Bu seriyi ciddi ciddi çok merak ediyordum ve artık dayanamayıp okudum ilk kitabını. Öncelikle ben hayaletli veya melekli tanrılı kitapları okumayı sevmiyorum. O tip kavramlar geçtikçe beni basıyor kitap resmen. O yüzden kitaba bir eksiyle başlamış oldum. Anna ergen bir karakterdi o yüzden yaptıkları karşısında ne kadar aptalsın falan demedim. Kitaptaki karakterleri çok sevdiğimi söylesem yalan olur. Özellikle Kaidan'ı sevemedim çünkü bana çok itici geldi. Sonra birkaç yorumu okuyunca daha samimi gelmeye başladı gözüme. Yaşam biçimi ve kendini tuttuğu konular yine de değişikti. Anna desen birkaç kez suratımı domatese döndürdü çünkü yazar gerçekten onun hislerini çok güzel belirtmişti.
Kitap boyunca çok az heyecan yaşadım ve neden bu kadar uzun diye sorup durdum. İşaretleyecek anlamlı cümleler de bulamadım. Ben bu kitabı niye okudum :( Her zaman inat edip serilere ilk kitabı beğenmesem bile devam ettiğim için bu kitap her ne kadar beni tatmin etmese de hemen ikinci kitaba başlayacağım. Serinin gitgide güzelleşmesini umuyorum. Her ne kadar konu farklı fantastik olursa olsun baş karakterler için iyi kız kötü çocuk diyebilir miyiz? Aynen öyle! Kitap boyunca sevdiğim şeyler; Anna'nın içinde yaşadığı hüznü yazarın güzel ve keskin bir dille belirtip okuyucu sarsması. Kaidan'ın her ne kadar kendini tutsa da Anna'ya karşı farklı bir şefkat benimsediğini inanmamız ve yazarın dilinin sıkmamasıydı. Ayrıca yazar yakınlaşma sahnelerini çarpıcı yazmasaydı sanırım daha az puan verebilirdim.
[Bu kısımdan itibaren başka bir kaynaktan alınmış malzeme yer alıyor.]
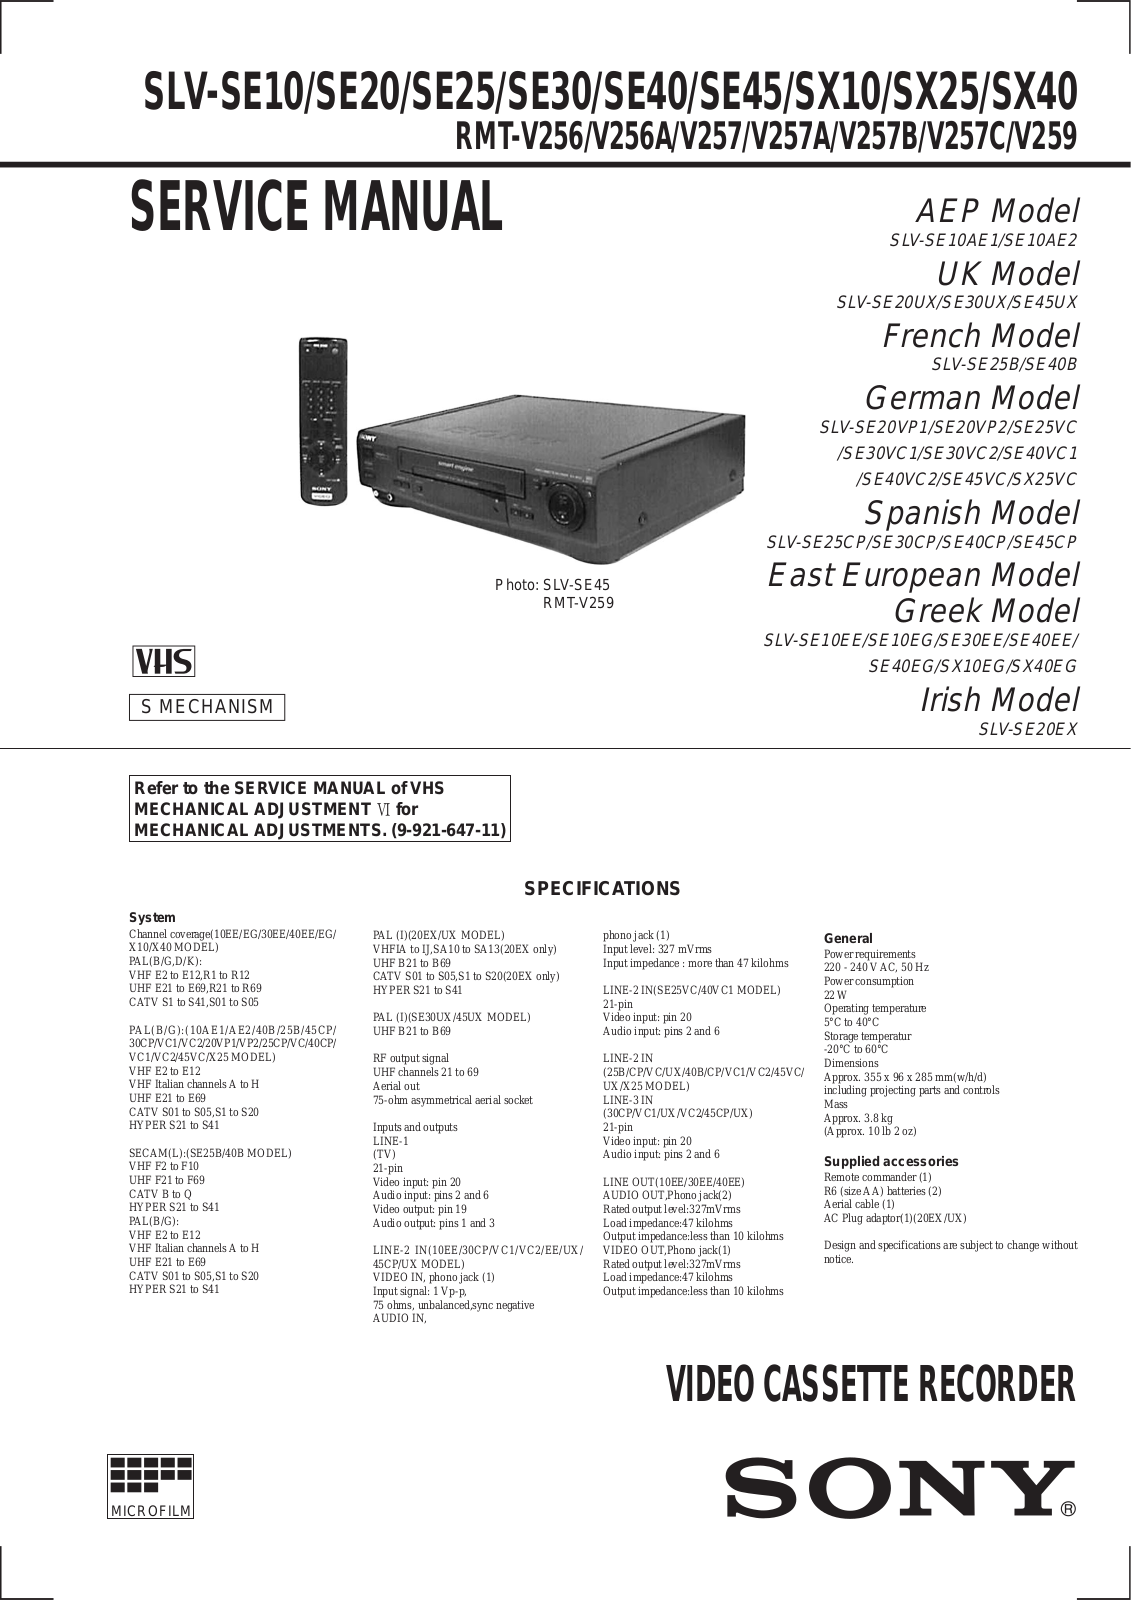 Sony SLV-SE10, SLV-SE20, SLV-SE25 Service Manual

Young adult okumayı seven biriyim ve en azından yazar o sayfalarda detay kullanıp kitabı daha çarpıcı ve heyecanlı yapmış. O bakımdan beğendiğimi de belirtmeliyim. Akıcı bir kitaptı ama yine de çok beğenerek okuduğum veya bana çok farklı hisler yaşatan akıcı bir kitap değildi. Serinin ikinci kitabını daha çok sevmem umuduyla!